Typically in a healthy, sexually active M, a person's thoughts should be on their spouse. Lustful thoughts do pop up from time to time even in the best of folks. 

But you aren't getting any. I hate admitting it, but when my wife and I were headed for D after d-day in early Feb. I was not getting any. And it was driving me crazy. I had many lustful thoughts. And yes I felt guilty. 

My assessment is that you are a normal, healthy, female with a typical sexual drive. 

Though from my Christian perspective I do not condone such thoughts, I will say that they are normal. They can be resisted and you can train your mind to think other thoughts with some discipline. But bottomline, you are human and normal.


----------



## totallyunexpected (Nov 21, 2012)

Machiavelli - Yep, I am his sponsor. Also, my parents co-sponsored him and are responsible for him if he becomes a public liability.


----------



## russell28 (Apr 17, 2013)

I have sexual fantasies about other women all the time.. some of them I know, some I don't.. I thought that was normal.
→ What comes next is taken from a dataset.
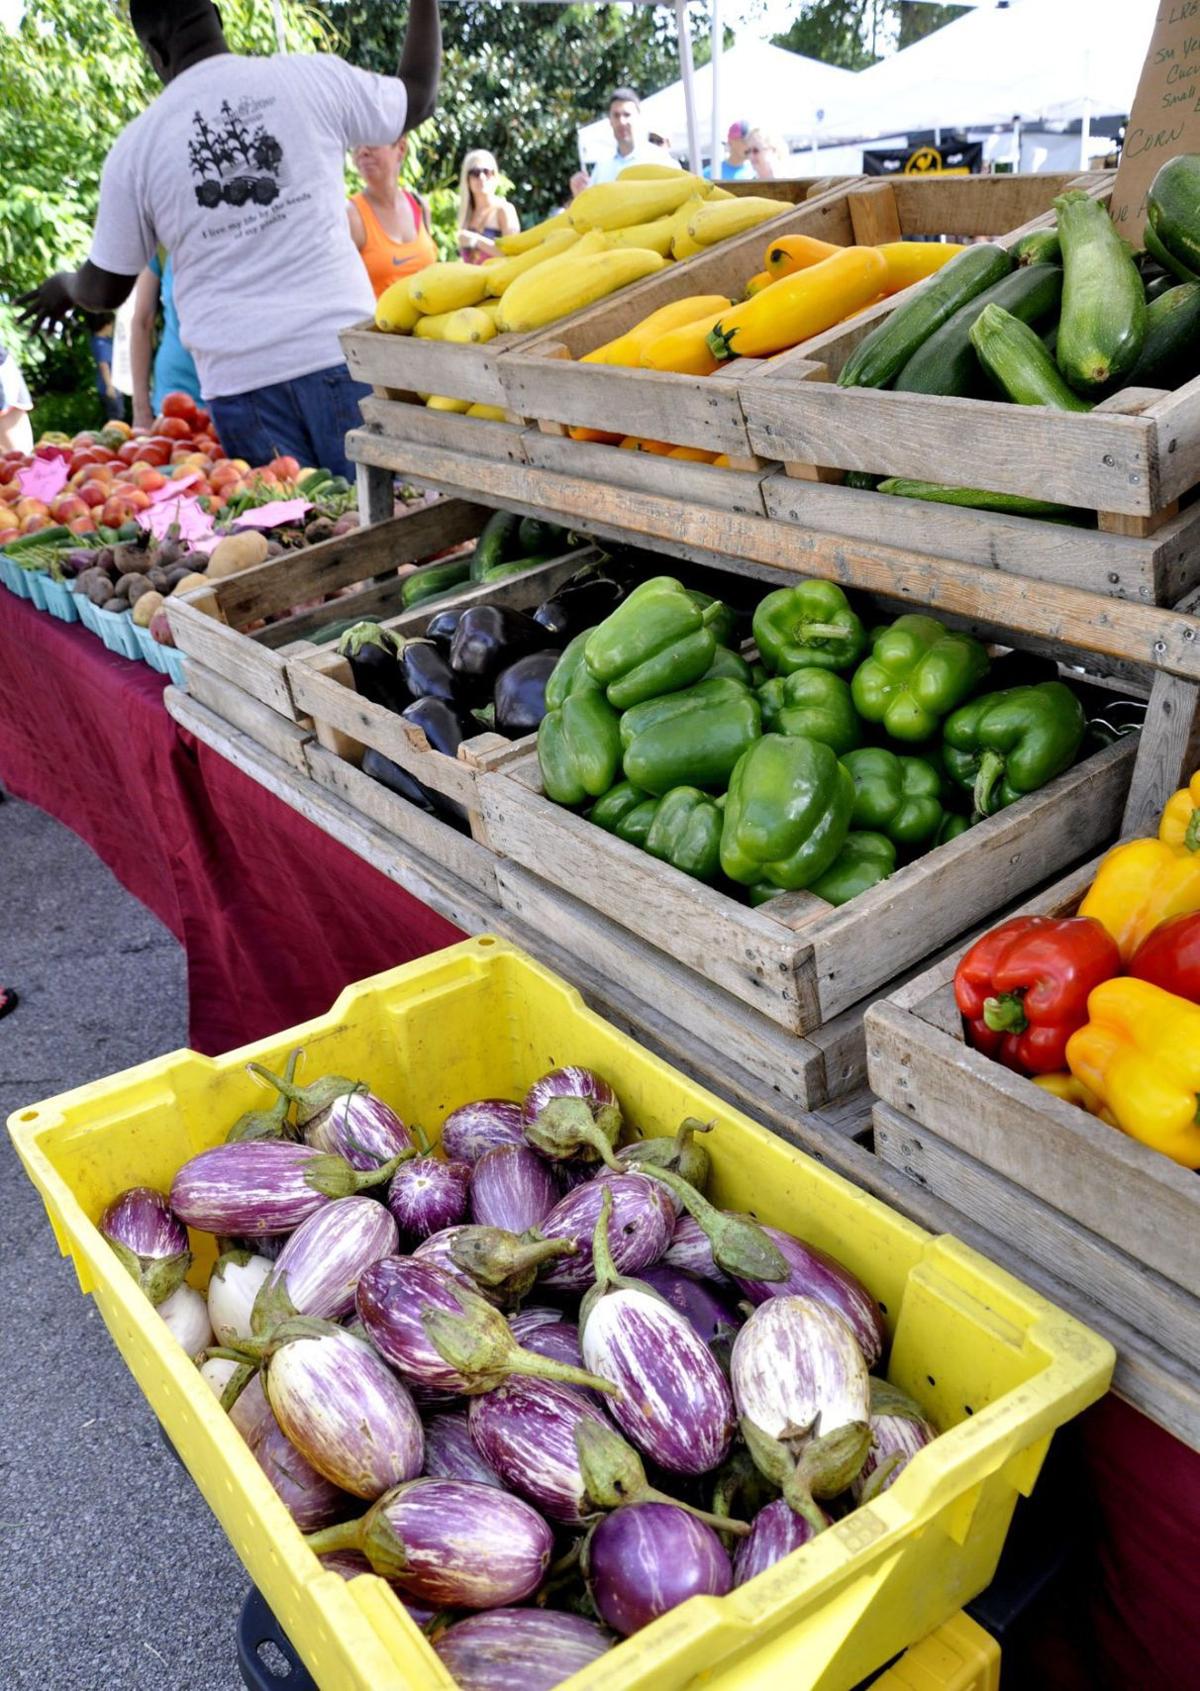 Where to find farmers markets in the St. Louis area | Food and cooking | www.semashow.com

I would never make a pass at these people, or an type of advance.. because I understand the difference between fantasy, and reality. I've always had fantasies, and I've also always loved my wife deeply and have great passion for her. Many times she's involved in them, I enjoy bringing her in, but not all the time... What happens in your brain, should stay in your brain. Hell.. I remember my first fantasy.. It was with my sisters friend Lisa.. we were in the sandbox together digging.... (yea, I started young)


----------



## ne9907 (Jul 17, 2013)

@ThePhoenix



> It goes to what I've been saying about woman who have a high romantic interest in their man don't cheat. Your new attraction for men has virtually nothing to do with you dwindling sex live with him. (albeit the dwindling sex has a lot to do with your feeling for him which are kaput)
> You are simply a normal woman with normal desires; just not for him anymore. Don't feel bad about it a just move on. He poisoned the well.


Right on target.
Do not feel guilty, recognize what you need, if you think there is a chance of making your marriage work perhaps try marriage counseling.


----------



## Machiavelli (Feb 25, 2012)

totallyunexpected said:


> Machiavelli - Yep, I am his sponsor. Also, my parents co-sponsored him and are responsible for him if he becomes a public liability.


Then deportation is the best option for all.


----------



## totallyunexpected (Nov 21, 2012)

Machiavelli said:


> Then deportation is the best option for all.


Whoa whoa, no way! I seriously care about him, and I know he has a better shot of happiness and personal growth here than in his home country which is very repressive and suffers extremely high levels of unemployment.

I want him to live here, be happy here. I just want him to be happy without me as his wife. I wish we could stay friends, but I realize that's treading dangerous waters (at least early on).

Thanks for the input.


----------